- [Exercise prompt]: Set down, unchanged, the line holding "Alexa 3 Seater Velvet Sofa Bed Futon Cream" and all lines that follow it to the end of the material, leaving pictures out.

- [Data shown]:
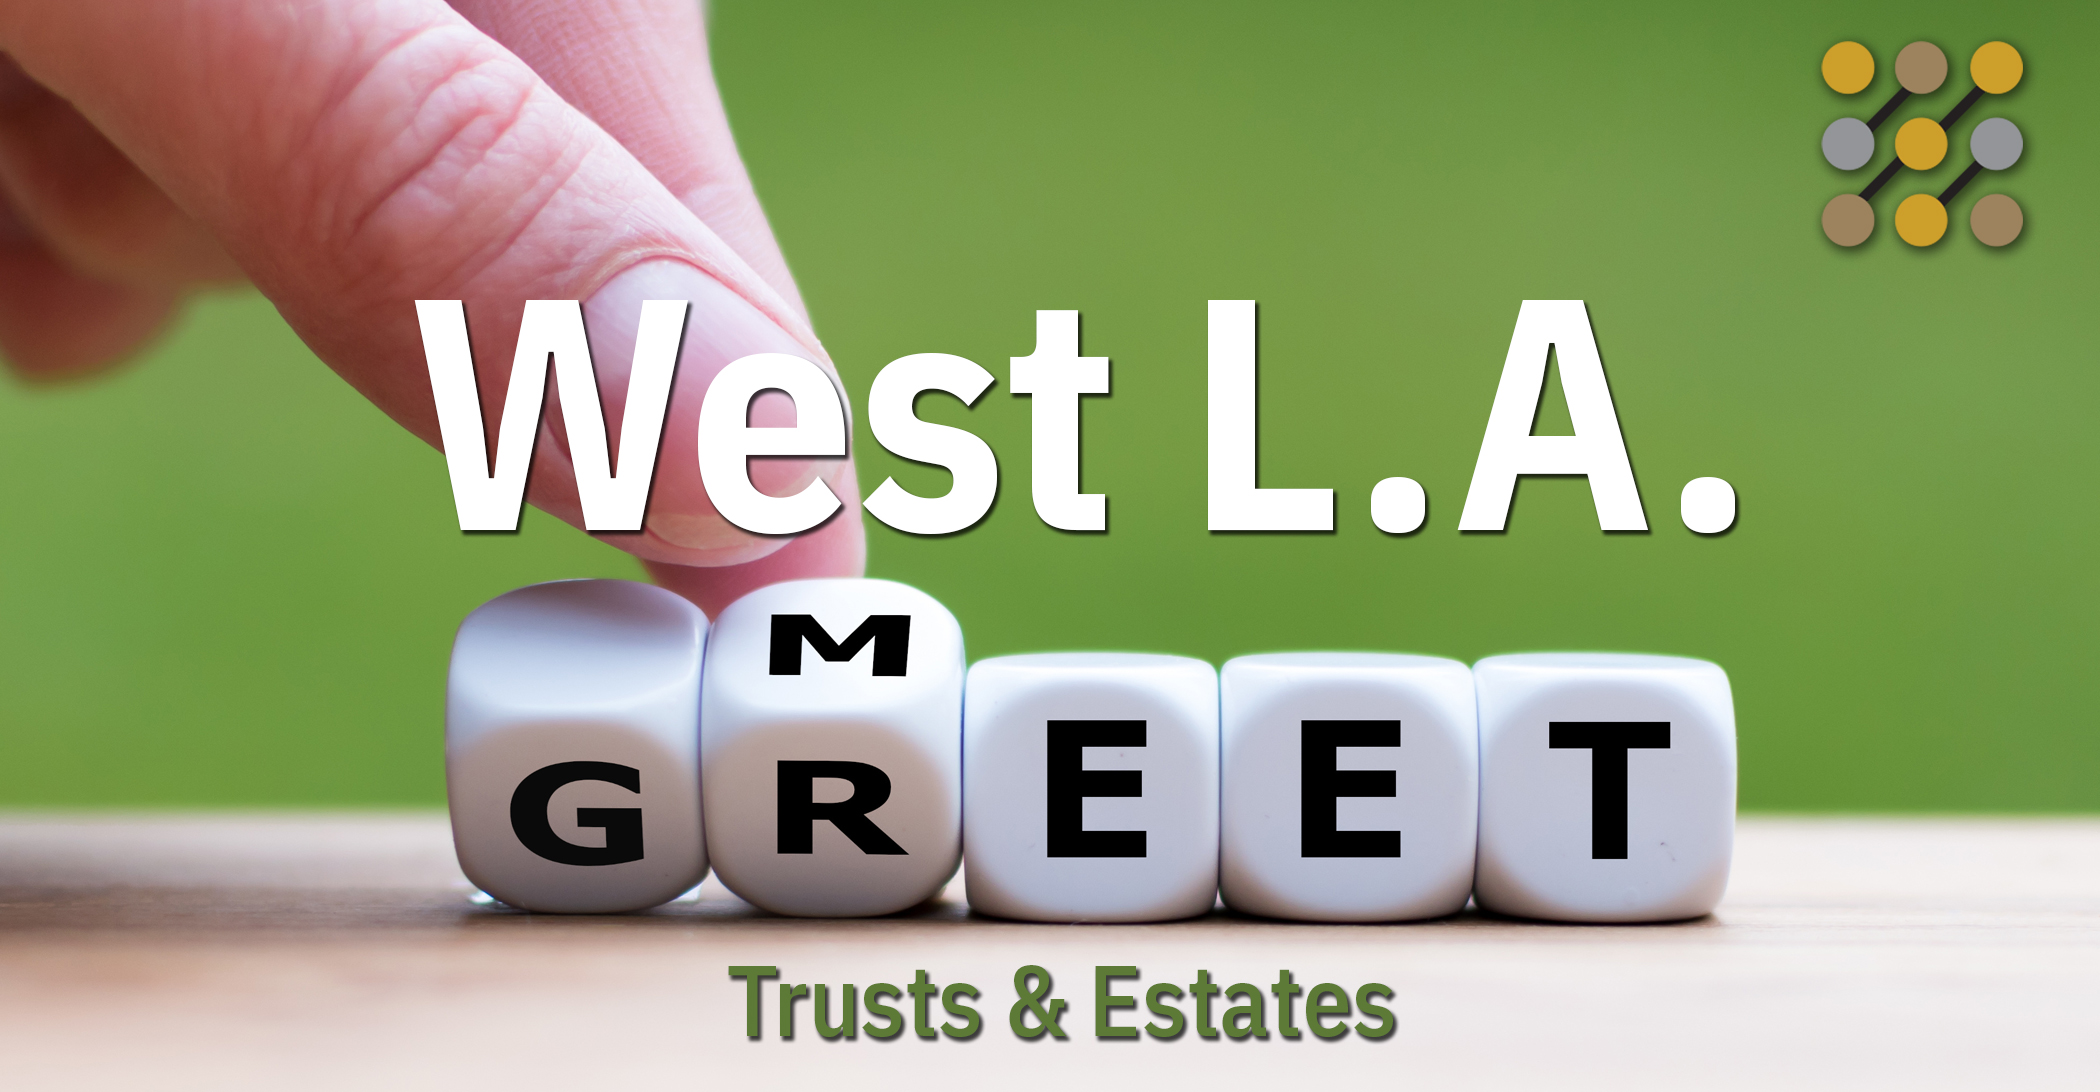 West L.A. Meet and Greet—Trusts & Estates
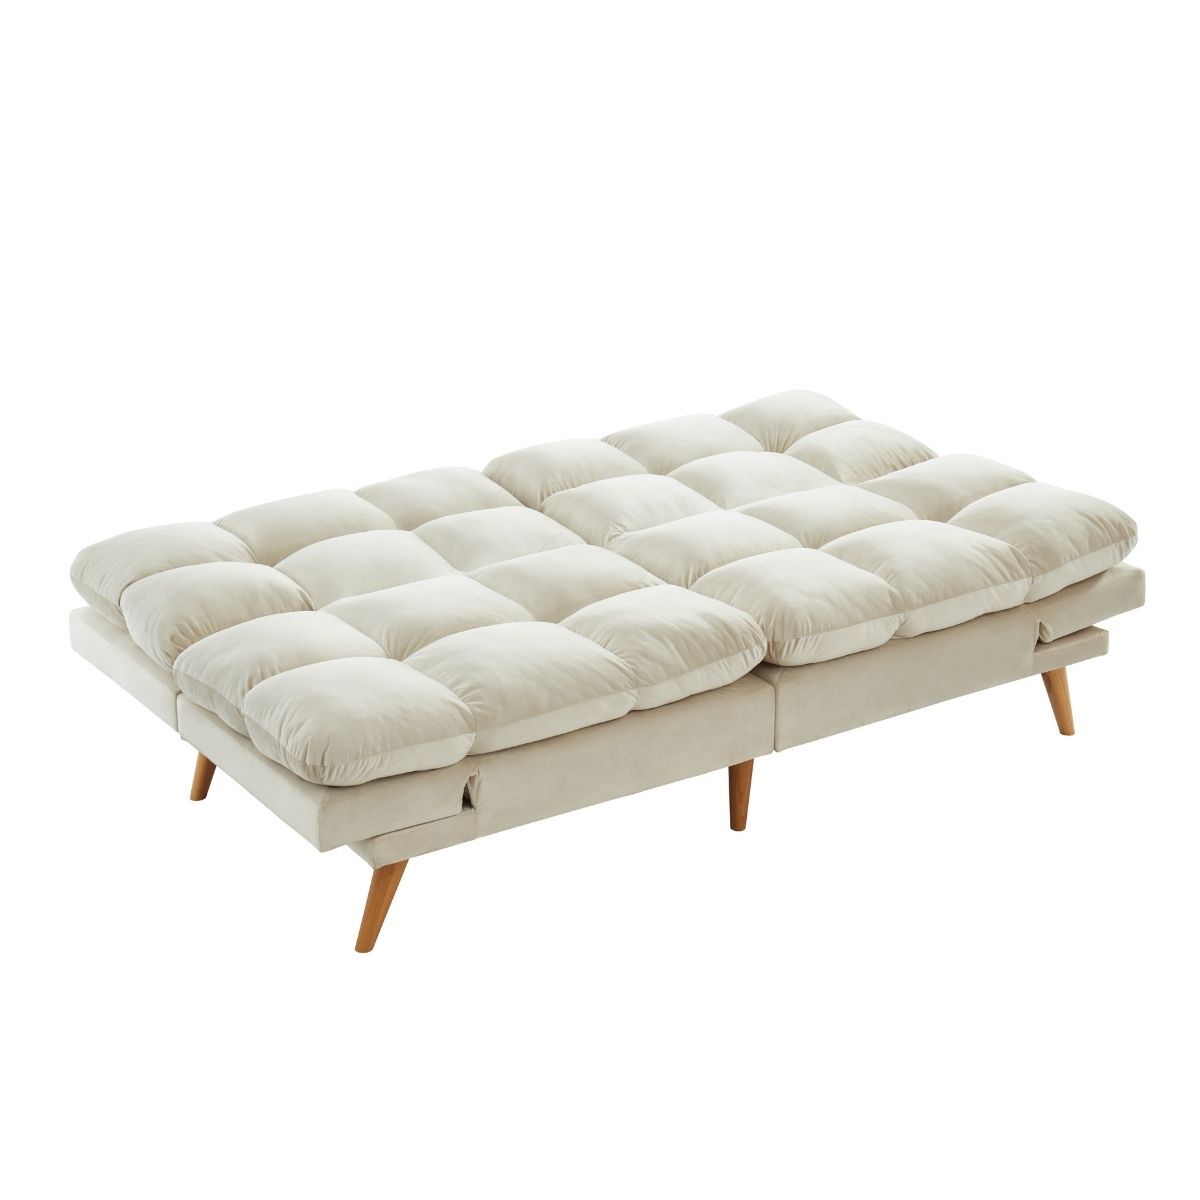 Alexa 3 Seater Velvet Sofa Bed Futon Cream
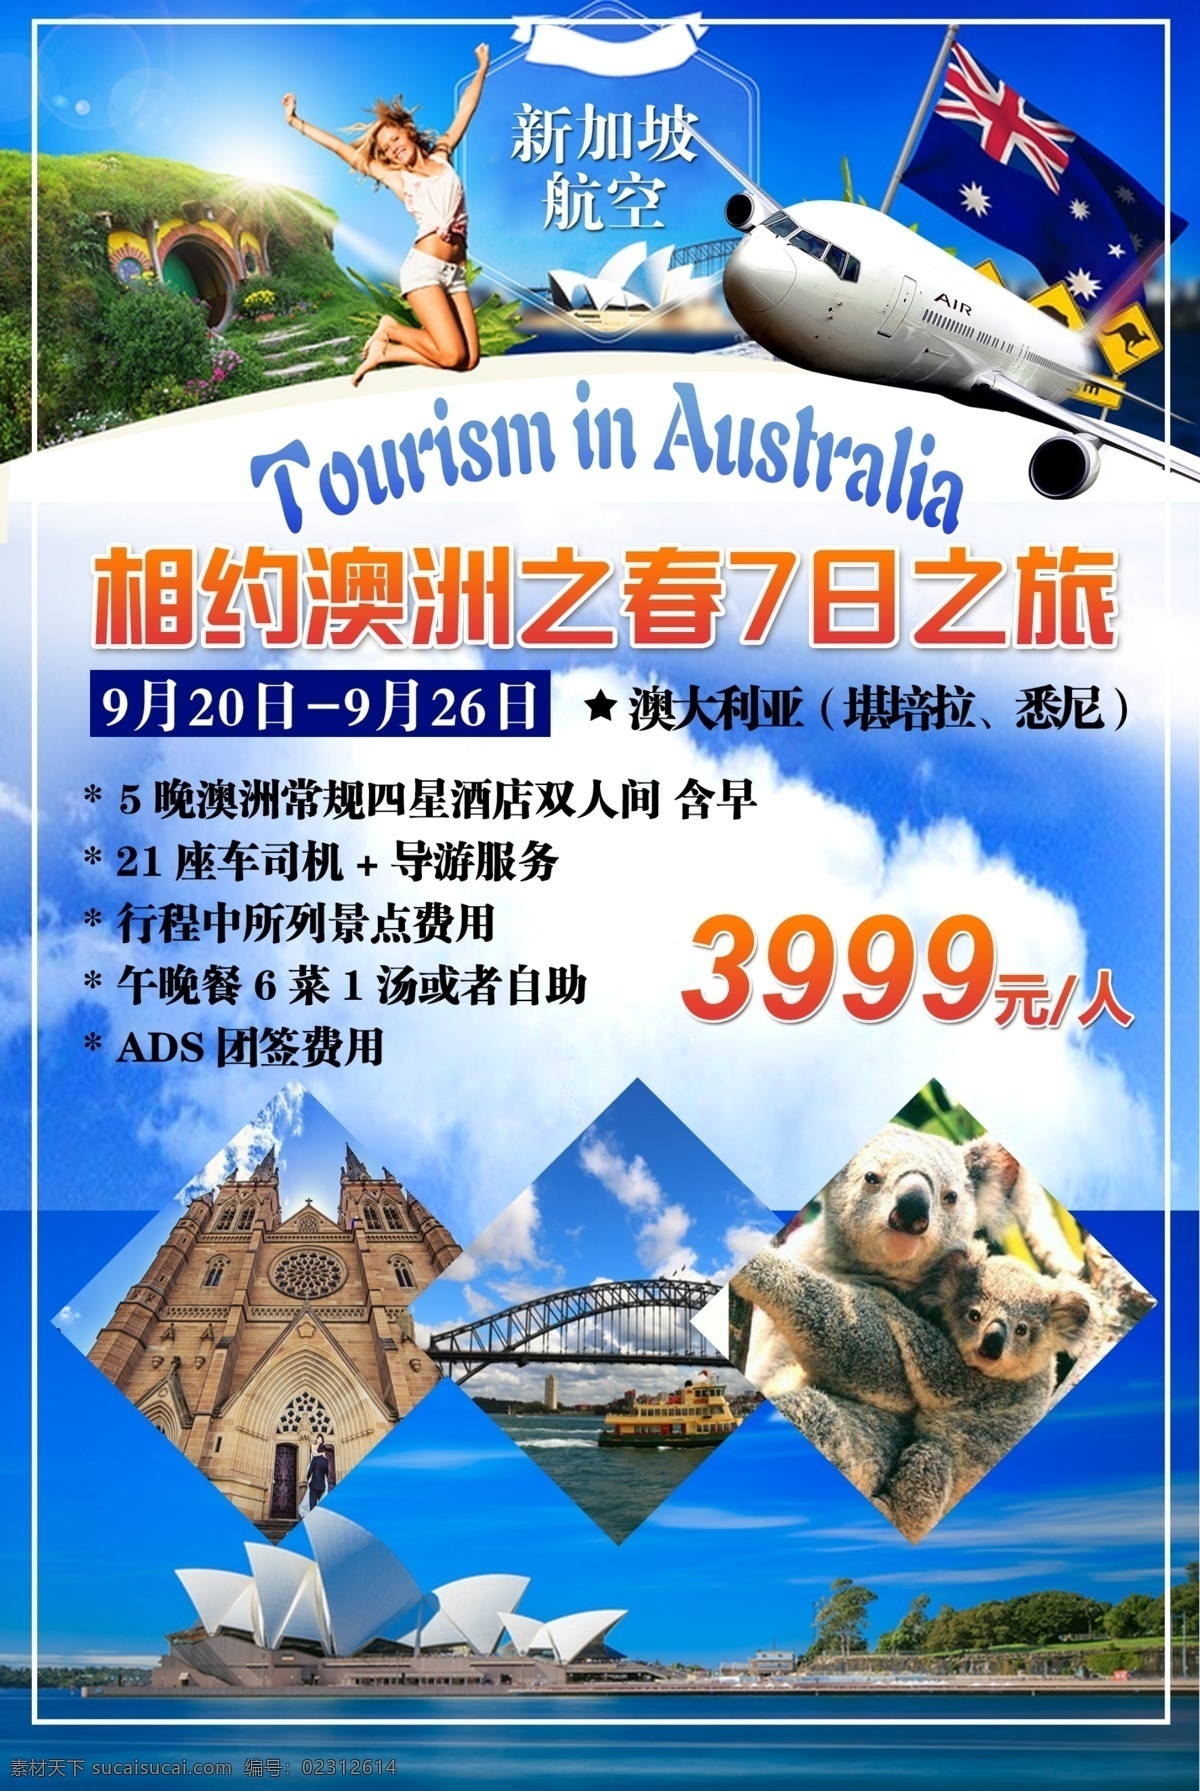 澳洲单页 澳大利亚 旅游 单页 相约春天 考拉
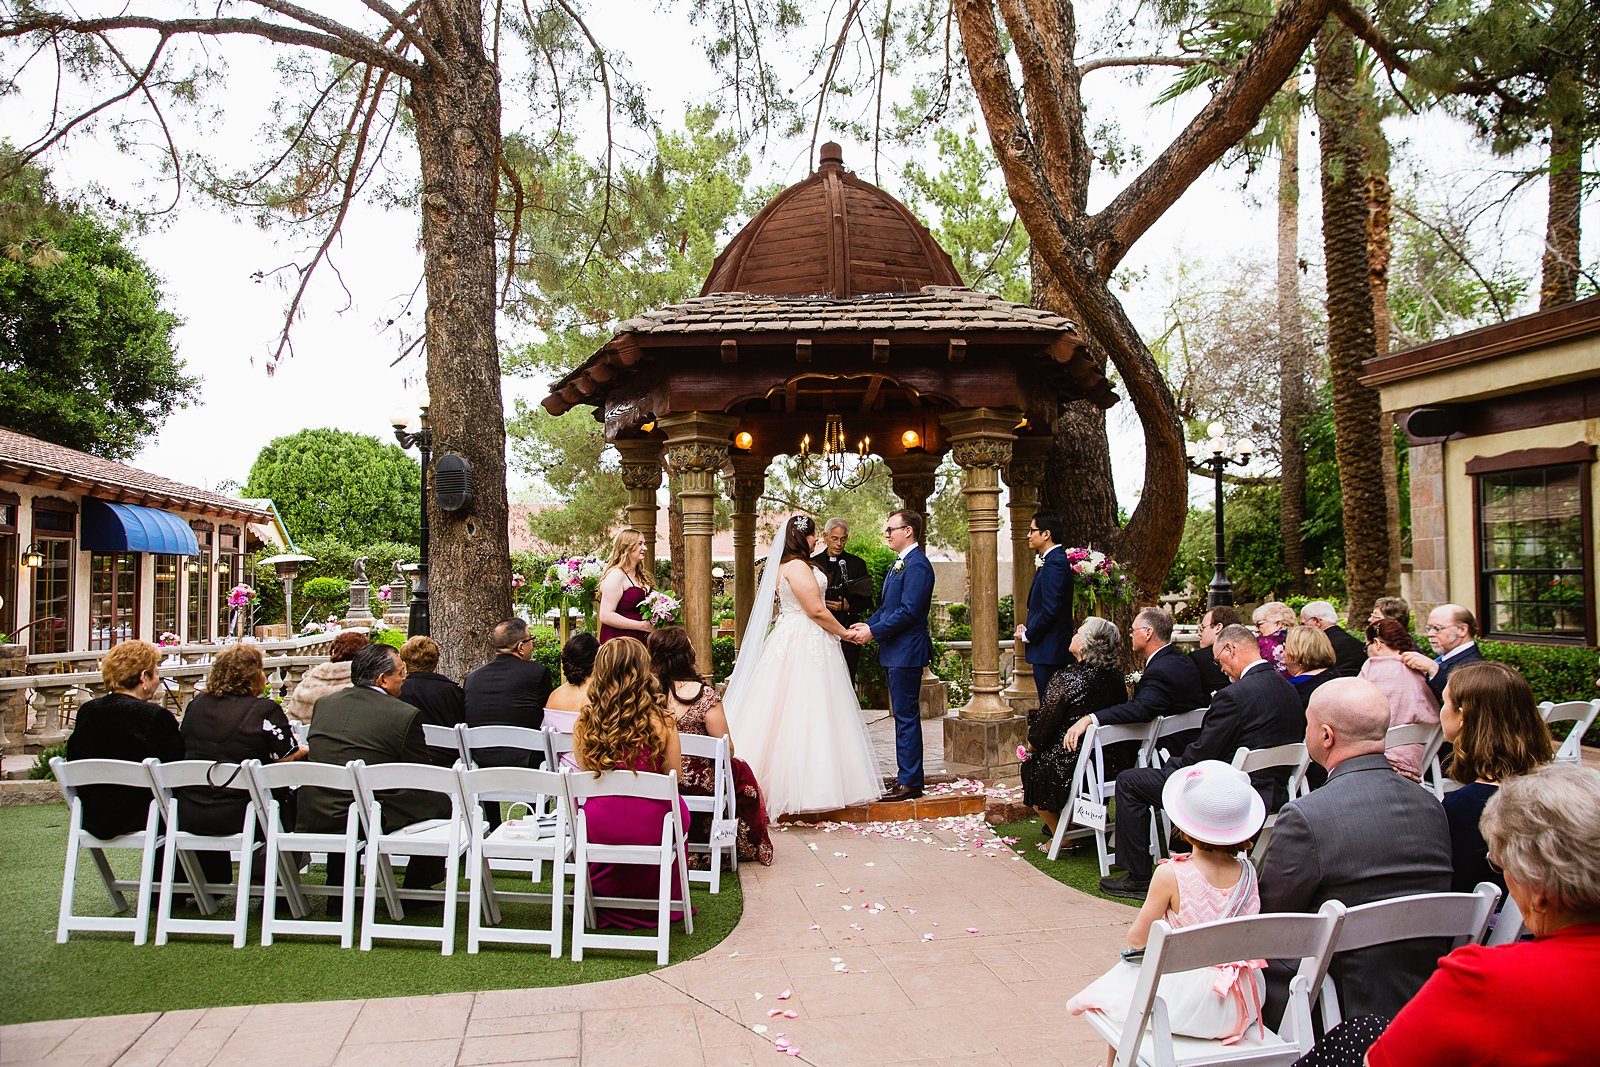 Wedding ceremony at The Wright House Provencal by Arizona wedding photographer PMA Photography.
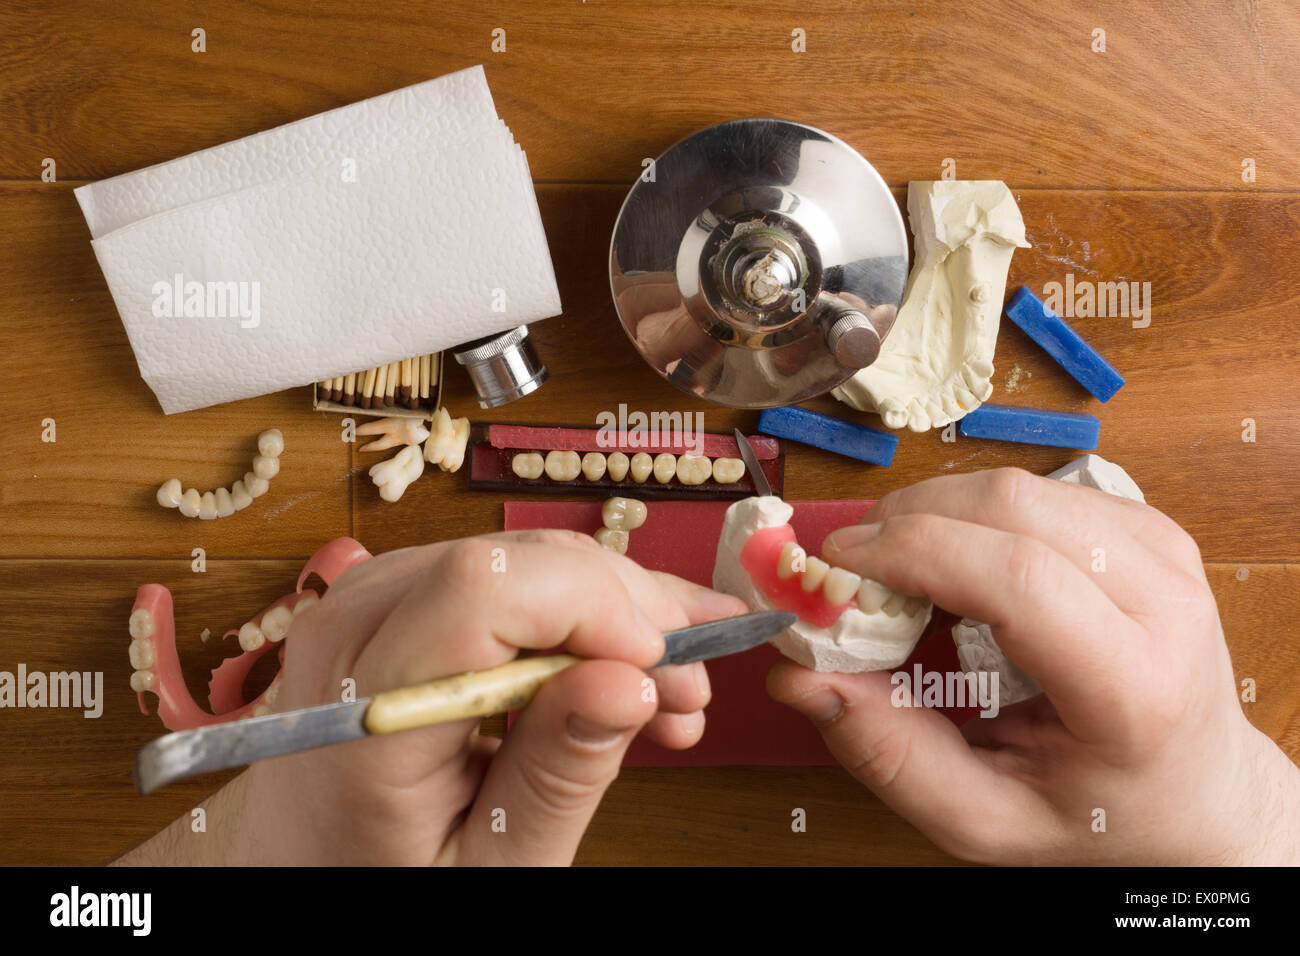 der Zahntechniker beschäftigt sich mit einer Modellierung von Zahnersatz Stockfoto

- [Result of this task]:
 Alexa 3 Seater Velvet Sofa Bed Futon Cream
 澳洲单页 澳大利亚 旅游 单页 相约春天 考拉
 Wedding ceremony at The Wright House Provencal by Arizona wedding photographer PMA Photography.
 der Zahntechniker beschäftigt sich mit einer Modellierung von Zahnersatz Stockfoto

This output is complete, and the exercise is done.